A little bit about me; over the last 10 years I’ve lived in 5 states exploring which each has to offer, meeting the people and monitoring my health while also finding a new affinity for a sport that aligned with the environment. In Hawaii, it was surfing. Colorado, it was yoga. California, rock climbing and snowboarding. Challenging the body challenges the mind and as we all know, a stale mind will lead to the deterioration of the body. The last 10 years have been filled with any ups and downs. There was a time period of about 2-3 years where I was hospitalized every other month. It was scary but has also made me appreciate every single day and every single breath. I had to come to a harsh realization that my life needs routine to be healthy and long. As a gypsy, this was extremely hard to accept, but I think I’m coming closer and closer everyday to finding the balance of healthy traveling happiness.

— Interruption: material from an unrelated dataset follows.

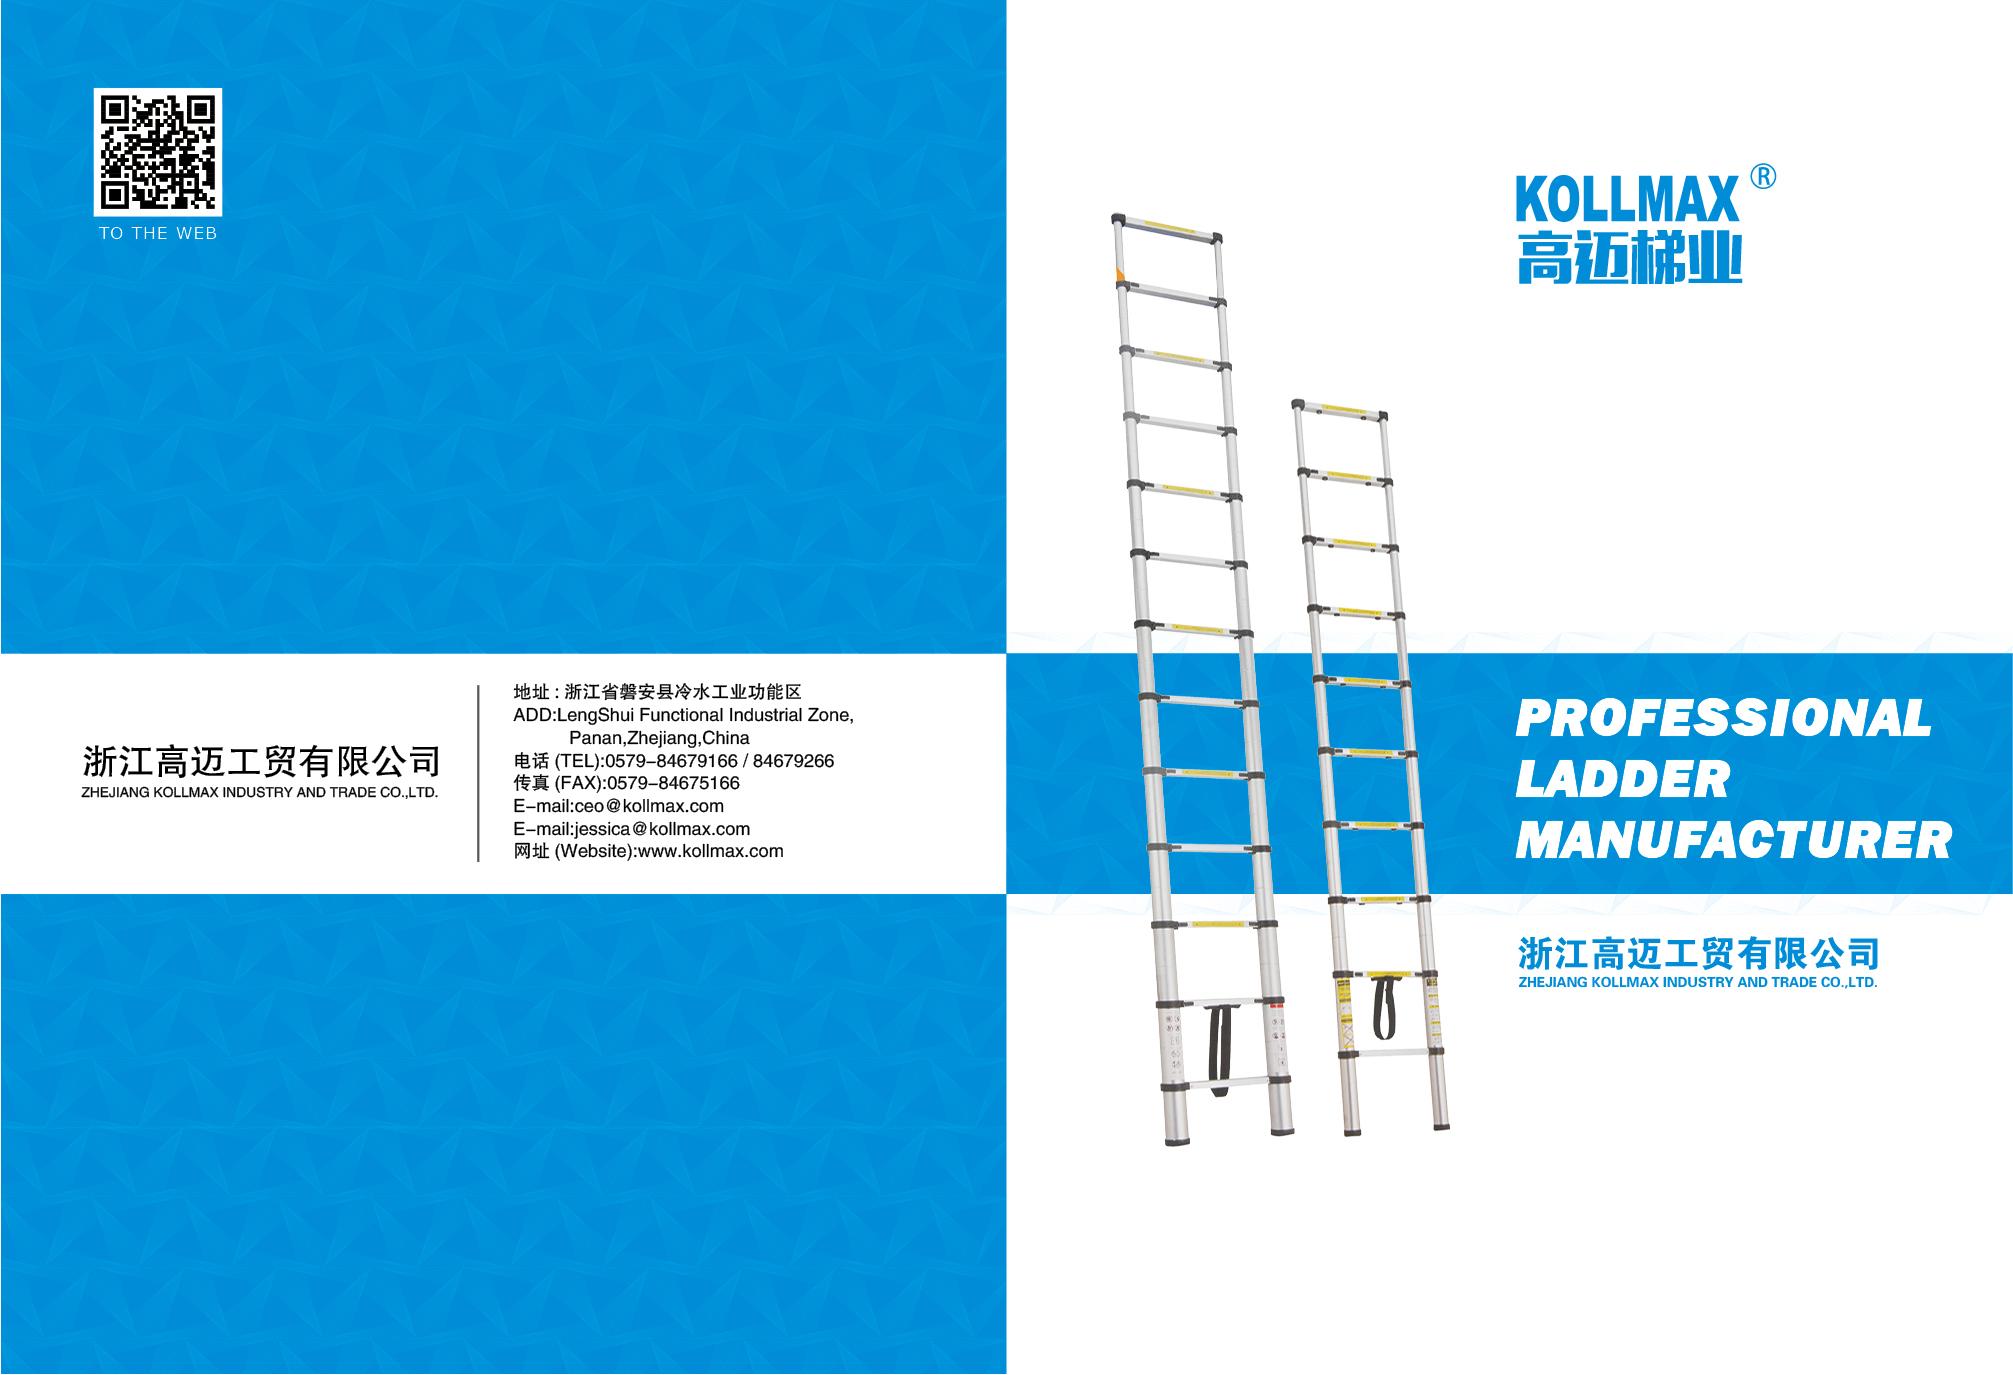 kollmax ladder catlogue

Whenever I am hospitalized my body and mind are placed two steps back at least. So having to repeatedly start over with gaining muscle mass, building mental confidence and the hardest part yet, listening to my body's limitations, aka patience is the most challenging part of cf. However, everytime I overcome a hospitalization, I am stronger mentally and physically than before. I’ve learned what I need and what I want in medical care and this life lesson from all of my experiences has put me where I am today. I look forward to sharing stories of these experiences and hope to build more of a pervasive cf community and support through the readers, and remember, resilience creates!!!


Brian Callanan

Age: 38

Location: Miami Beach, FL

Occupation: CFLF Founder & Executive Director

Activities: Traveling, mountain bike (trail) riding, distance swimming, road biking, sailing, hiking, snowboarding, water jet-packing, playing with my dogs, spending time with loved ones; On the list - surfing, kite boarding, skydiving, more travelling

I have often heard people say they are not defined by their CF, as though that were a negative or limiting factor.  Embracing CF as my defining reason for achieving health, as opposed to avoiding illness, helps me view it as a driving force and a challenge to be dealt with everyday.  I don’t completely agree with the combative nature of the “Fight against…” anything, but find insted that acceptance and utilization of that energy to be as potentially positive as it could be negative.  

Choices.  One of the beauties and potential downfalls of being human.  The free will to make the choices that can, and do define us - physically, emotionally and socially.  Some of my favorite quotes are: “I don’t let the signs fool me!”, “Humans plan. God laughs.”, “Do, or Do Not.  There is no ‘try’.” and “The road to hell is paved with intentions.”  No matter what the words of wisdom, I find that it is our own choices that make up our reality.  

I look forward to sharing some of the experiences and forces that have shaped my perspective in living with CF.  I have not always done everything ‘right’, but have attempted to do the best I can at whatever. The only thing that really will get me down is a feeling of “I could have done more”.

I am not, was not, and probably will not ever be a jock.  But I have learned that I am competitive, especially with myself.  Growing up with an older brother with CF, we competed with each other fiercely for the best lung function and weight gain at each quarterly doctor appointment.  While the competition between us has calmed, I still push myself to defy the expectation of gradually declining lung function, and strive for a positive trend of improvement.  The words that came out of my mouth upon commencing my 2006 bike ride of over 2,000 miles changed my life.  “Keep telling me that I can’t, and that’s all the more reason I will.”

Having lost two brothers, not related to CF, the reality of mortality is very clear to me, as it is for most people facing the challenge of any chronic disease.  Part of that clarity, however, is that you only get one shot at life, and it is never long enough.